Элин положила на рану марлевую салфетку и осторожными движениями вытирала кровь, а я снова нащупал его пульс. Он оказался несколько слабее, чем раньше.
– Ты знаешь, кто он? – спросила Элин, выпрямившись.
– Да, – ответил я уверенно. – Он говорил, что его зовут Грахам. Он член Департамента – работает вместе со Слейдом. Я взял в руки сген дабх и принялся его вытирать. – В данный момент мне хотелось бы знать, прибыл он сюда один или где‑то поблизости находятся его приятели. Мы представляем из себя отличную мишень.

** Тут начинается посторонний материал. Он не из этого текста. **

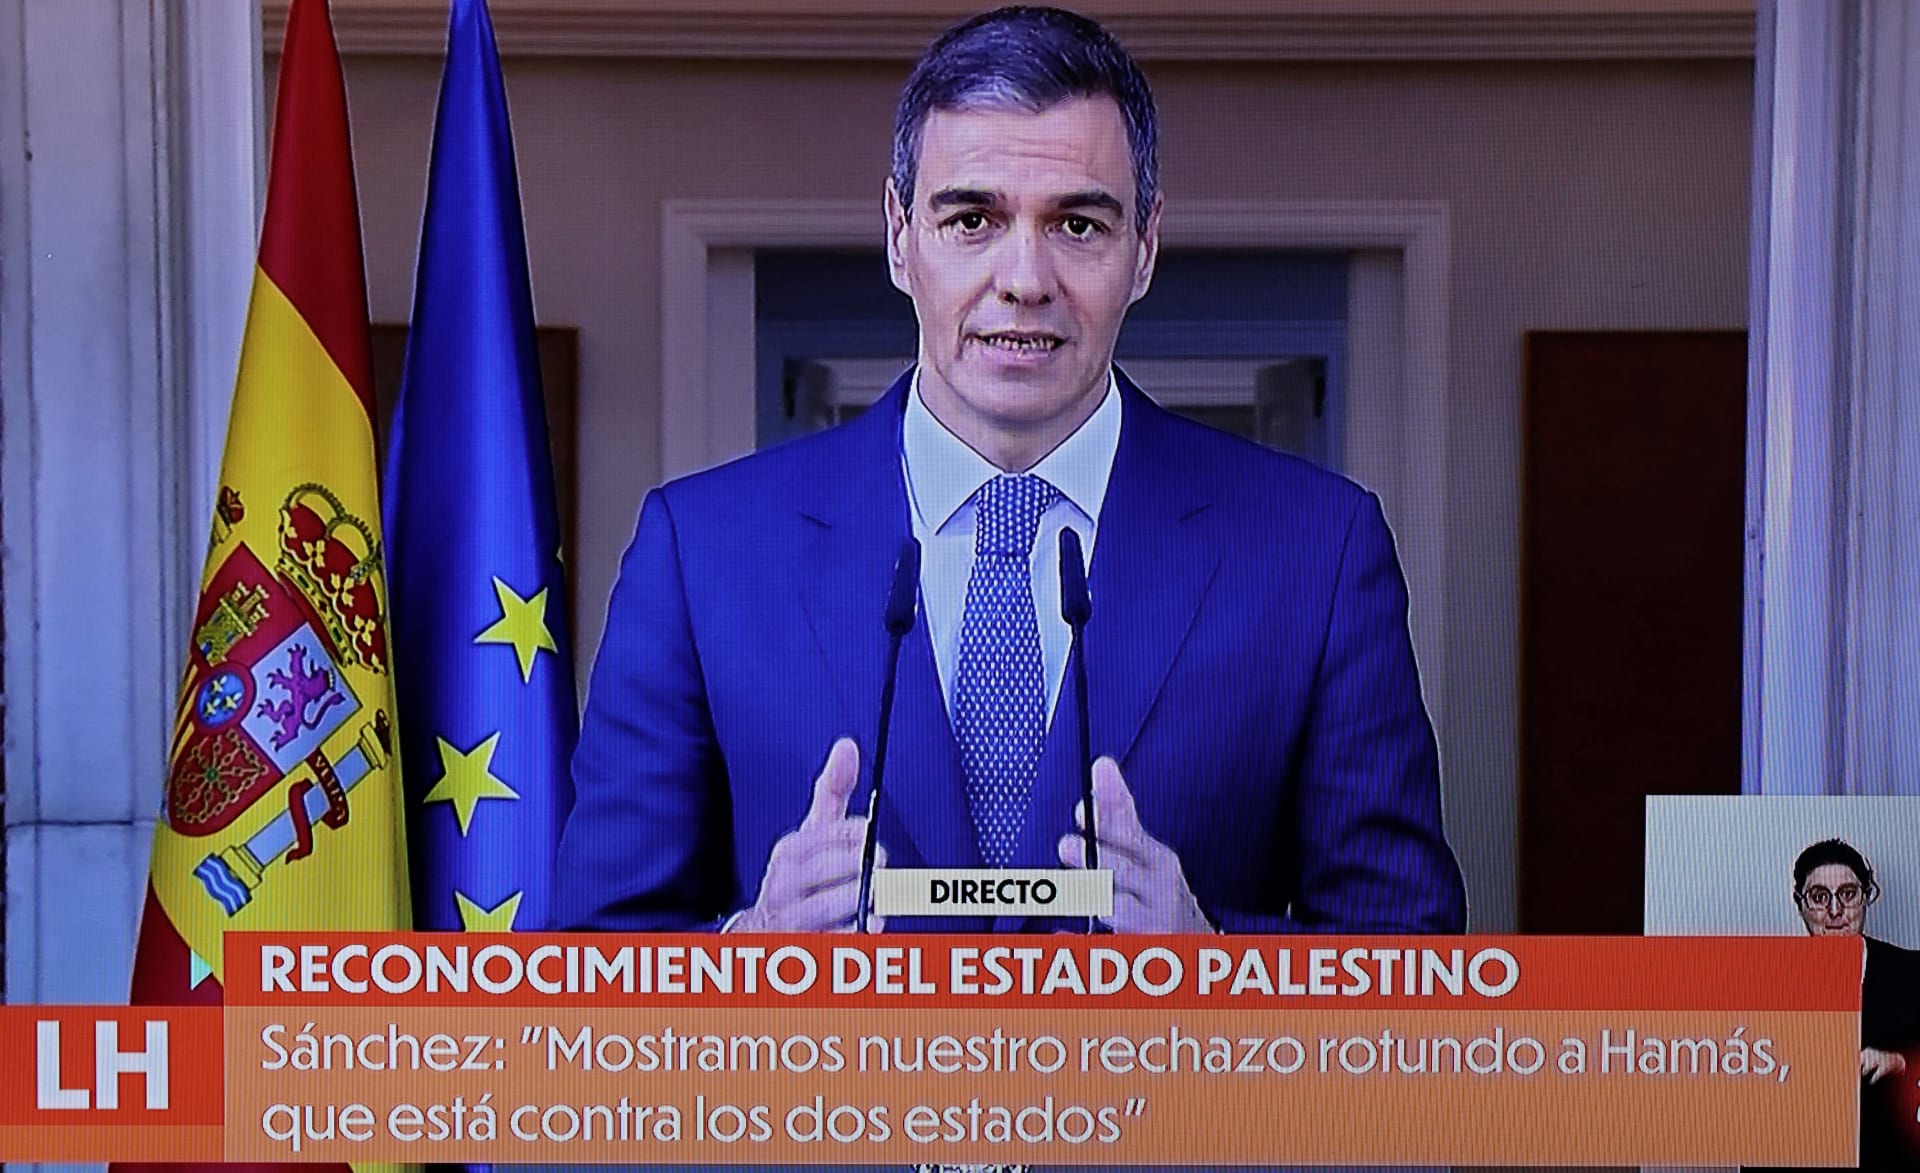 رئيس وزراء إسبانيا يُعلن موعد الاعتراف رسميا بدولة فلسطينية.. ويوضح: هذه خطوة ضد "حماس"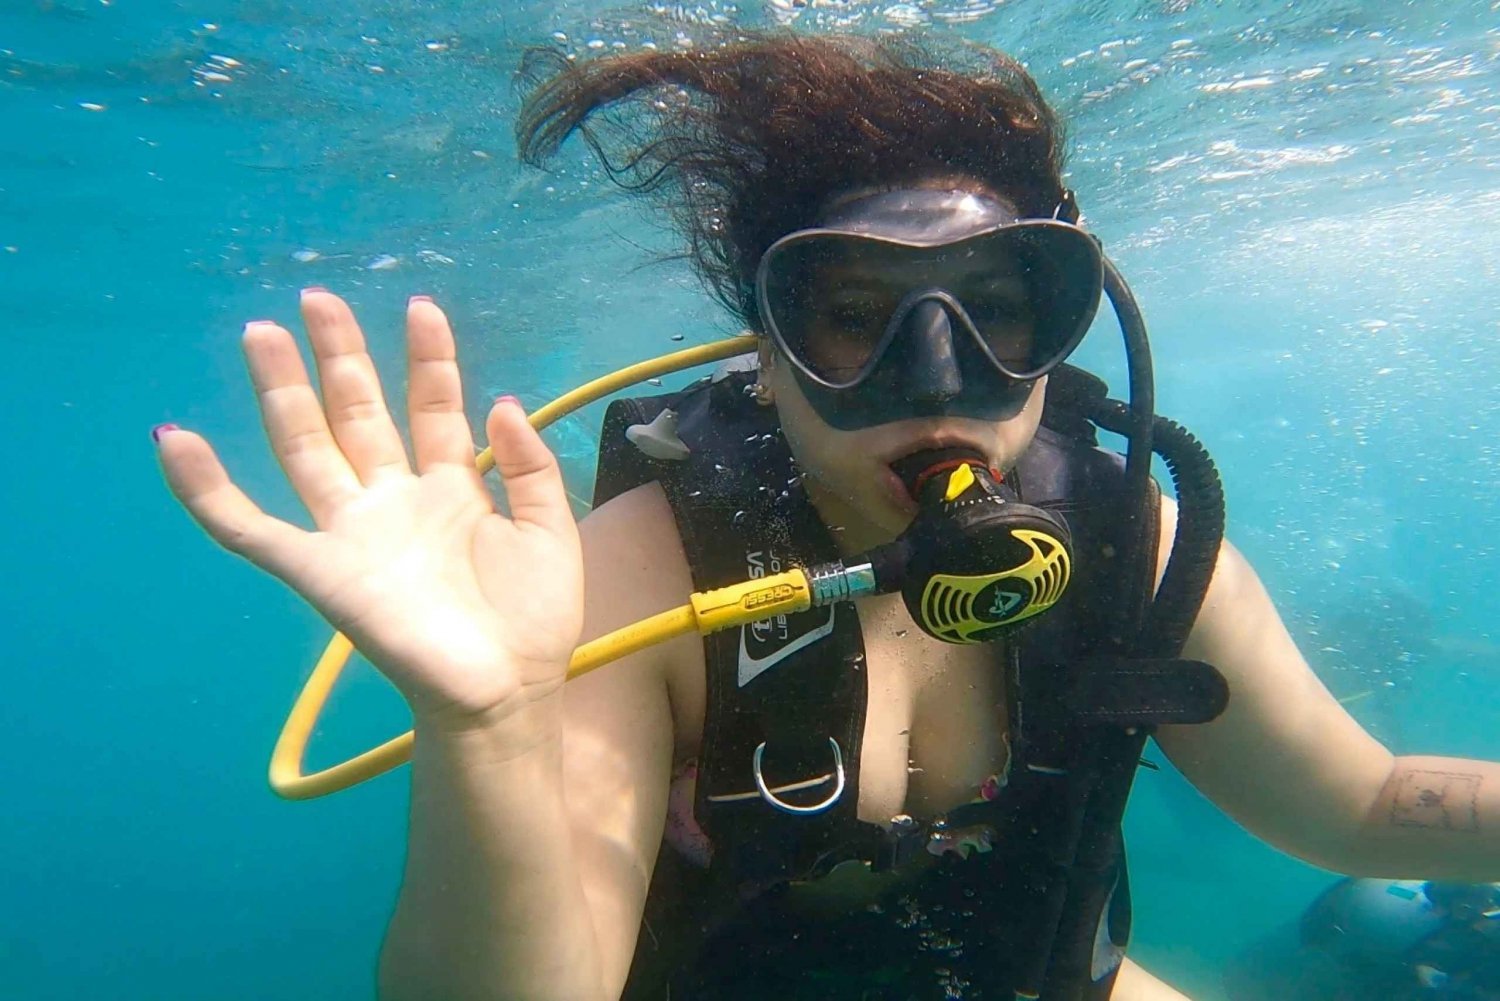 Honolulu : Tour d'initiation à la plongée sous-marine avec vidéos gratuites

Поднявшись на ноги, я вернулся к деревьям, где занялся поисками винтовки Грахама. Я нашел ее и принес обратно к "лендроверу"; это был автоматический карабин ремингтон с магазином на шесть патронов тридцатого калибра – хорошее оружие для убийства. Короткий ствол, не сковывающий быстрых движений, высокая скорострельность – пять прицельных выстрелов за пять секунд, – и пуля с весом и скоростью достаточными для того, чтобы поразить человека насмерть, не дав ему упасть на землю. Я передернул затвор и поймал выскочивший патрон. Он имел обычную мягкую пулю охотничьего типа, рассчитанную на то, чтобы расплющиваться при попадании в цель. Элин сильно повезло.
Она тем временем, склонившись над Грахамом, вытирала ему лоб.
– Он приходит в себя.
Веки Грахама, несколько раз дернувшись, открылись, и он увидел меня, стоящего над ним с карабином в руках. Он попытался подняться, но был остановлен спазмом боли, от которой на его лбу выступили капельки пота.
– Ты не в том положении, чтобы что‑то предпринять, – сказал я. – В твоем животе большая дырка.
Он опустился на землю и облизал губы.
– Слейд сказал... – он перевел дыхание: – ... сказал, что ты не опасен.
– Неужели? Он ошибался, не так ли? – Я поднял карабин. – Если бы ты пришел сюда с пустыми руками, без этой штуки, то не лежал бы там, где сейчас лежишь. В чем заключалась идея этой акции?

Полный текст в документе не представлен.